Drug-target matching

IPA-predicted upstream regulators were annotated with respective targeting drugs and compounds to elucidate potential useful therapies in SARS-CoV2. Drugs targeting gene products of interest by both direct and indirect targeting mechanisms were sourced by Combined Lupus Treatment Scoring (CoLTS)-scored drugs73, the Connectivity Map via the drug repurposing tool, DrugBank, and literature mining. Similar methods were employed to determine information about drugs and compounds, including mechanism of action and stage of clinical development. The drug repurposing tool was accessed at clue.io/repurposing-app.
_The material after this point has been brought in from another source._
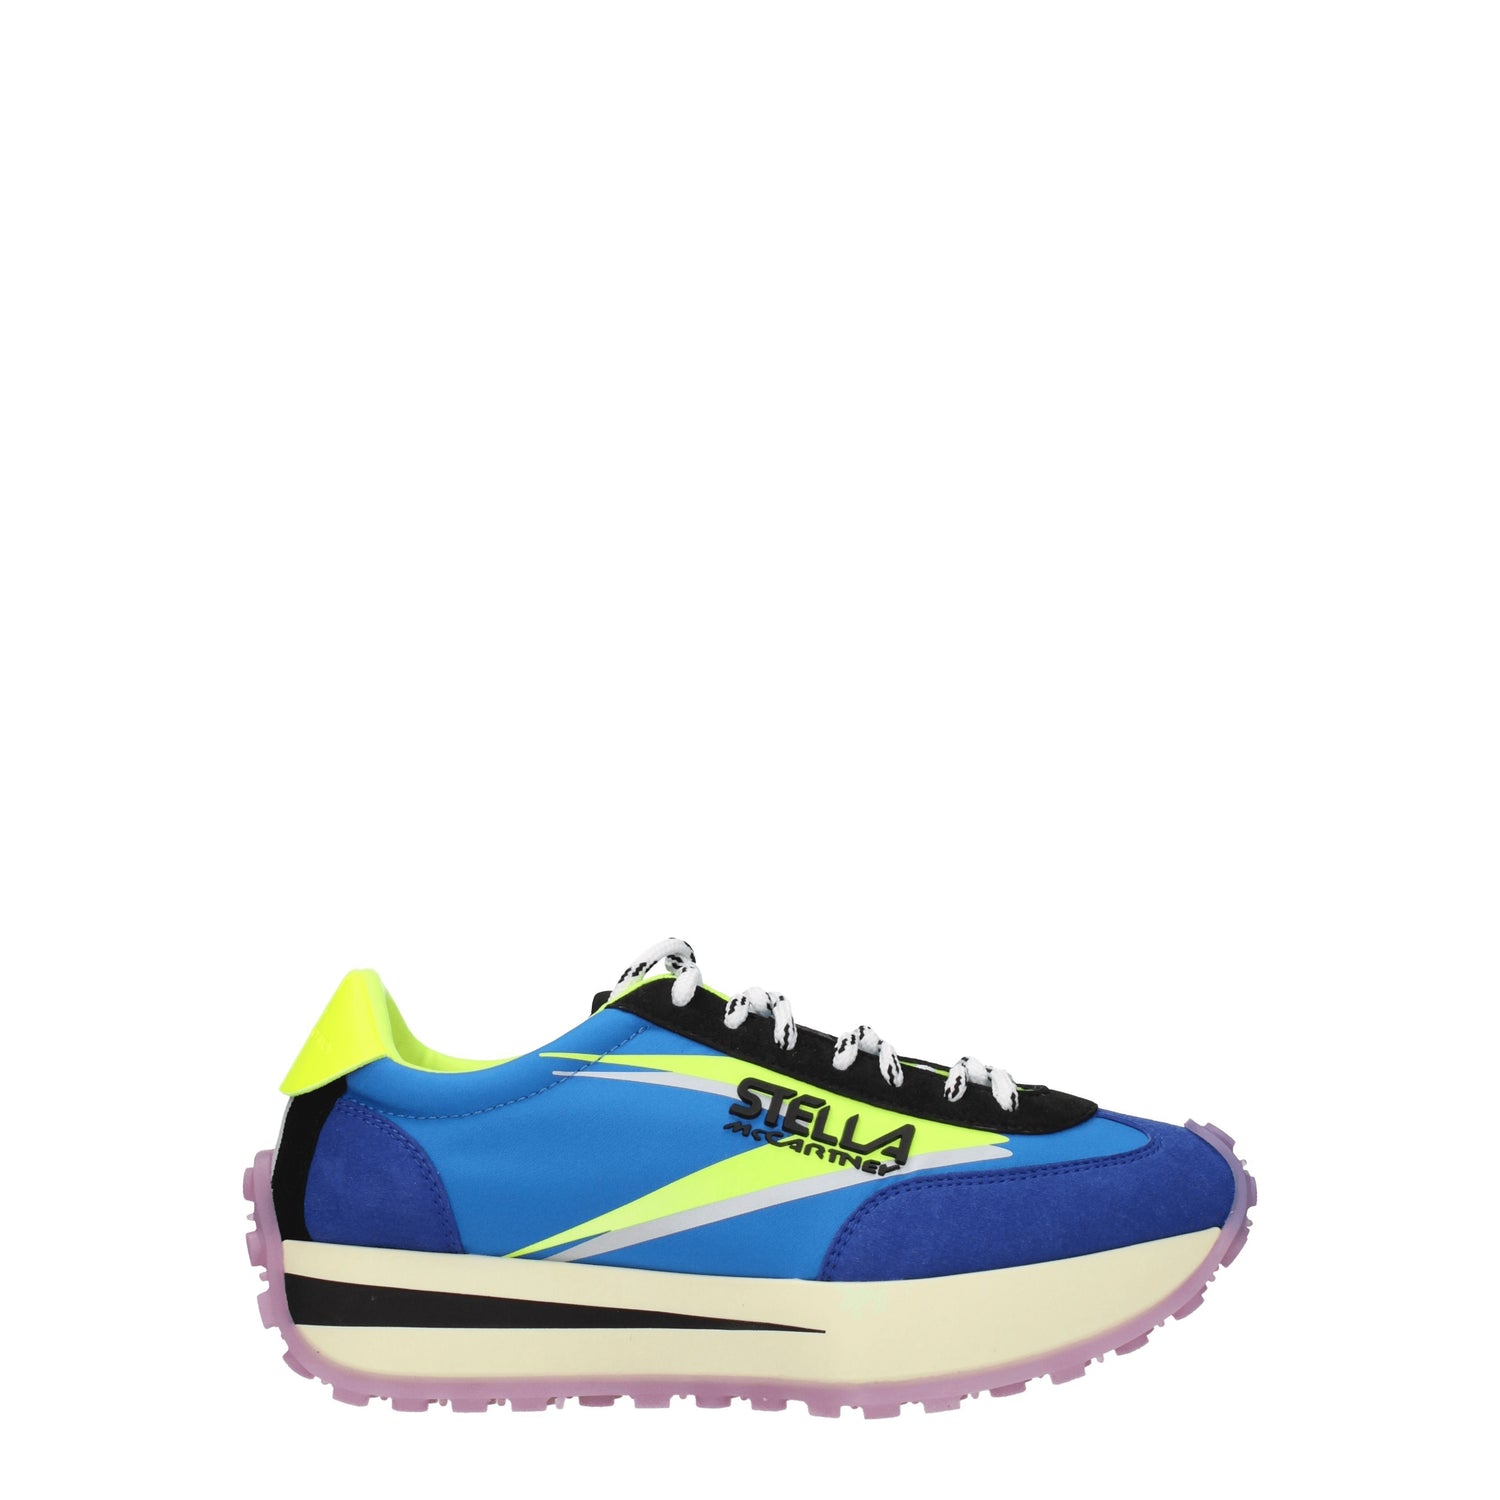 Stella McCartney Sneakers Donna Eco Camoscio Blu Giallo Fluo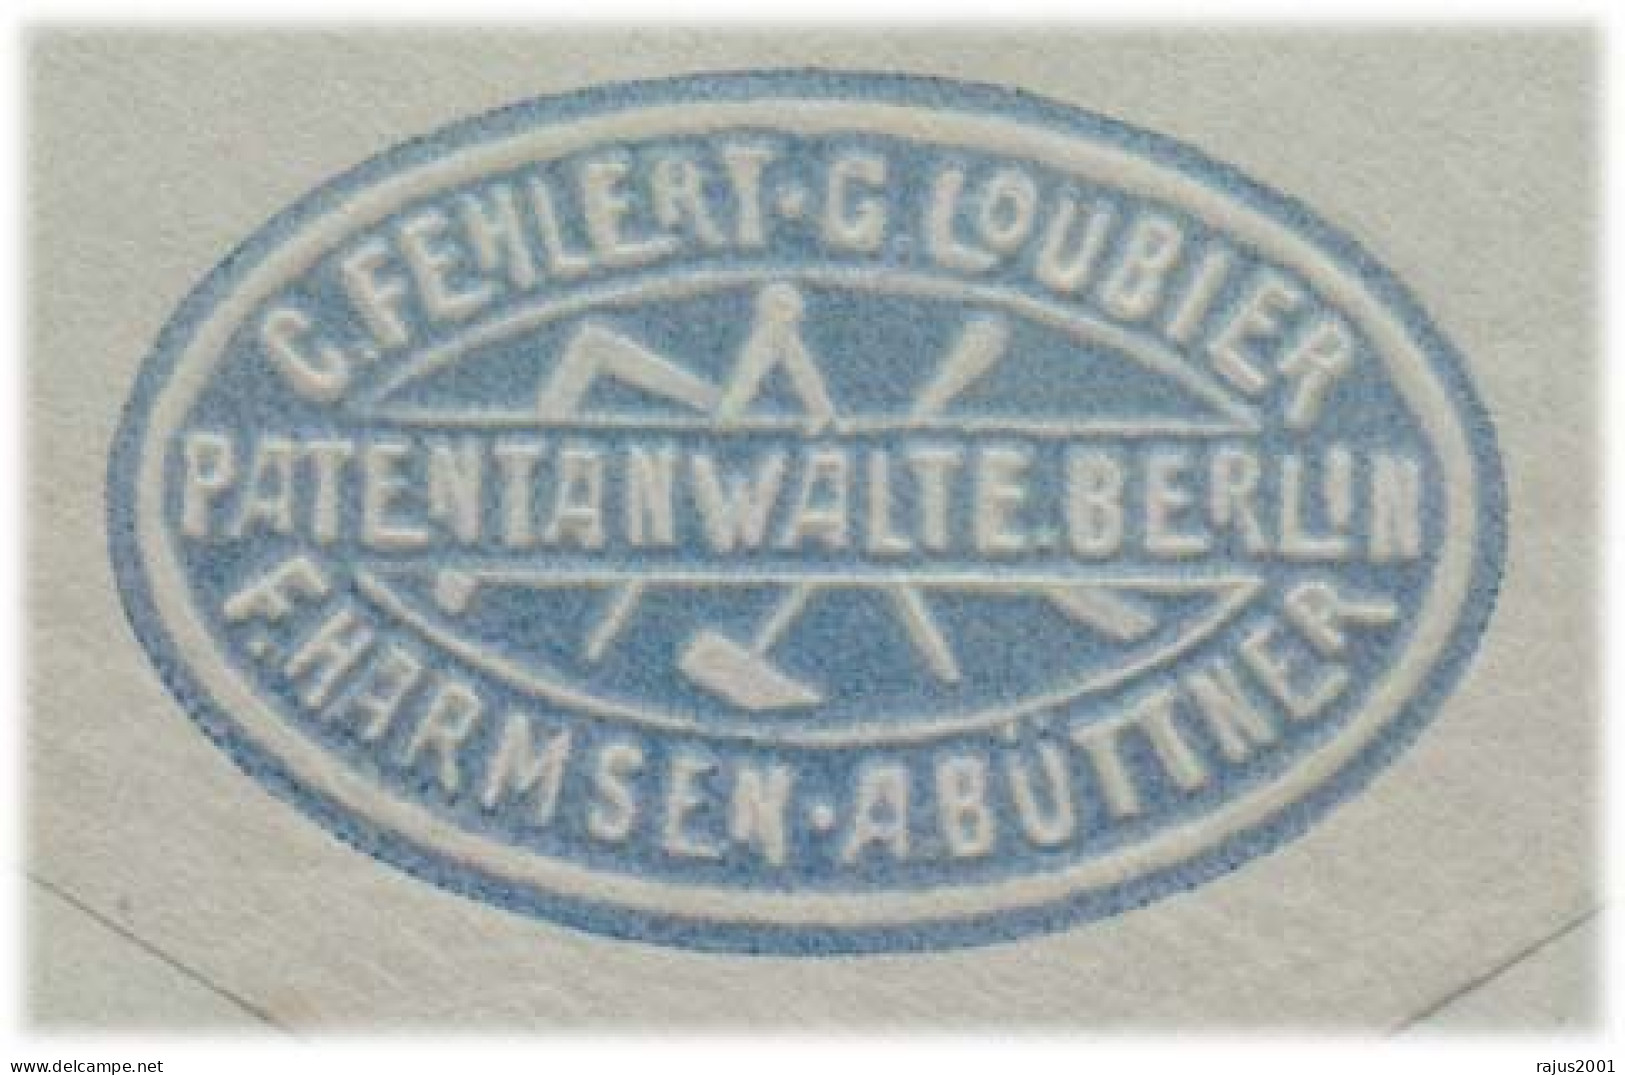 Deutsches Reich Berlin 1906, Received Cyrus Kehr  Germany Postal Stationery Cover - Omslagen

Analysis of COVID-19 PBMC, lung, and BAL DEG profiles via CLUE

DEGs from PBMC-CoV2 vs. PBMC-CTL, Lung-CoV2 vs. Lung-CTL, and BAL-CoV2 vs. PBMC-CoV2 were used as input for the CMaP and LINCS Unified Environment (CLUE) cloud-based connectivity map analysis platform (https://clue.io/connectopedia/). Top upregulated and downregulated DEGs from each signature as determined by magnitude of log2 fold change were sequentially entered into CLUE until 150 of each were accepted for analysis to determine drugs, compounds, small molecules, and other perturbagens that mimic or oppose the uploaded COVID-19 gene expression signatures. Resultant drugs and compounds with negative connectivity scores in the [− 75, − 100] range were analyzed to include results with high confidence of antagonizing COVID-19 gene expression profiles.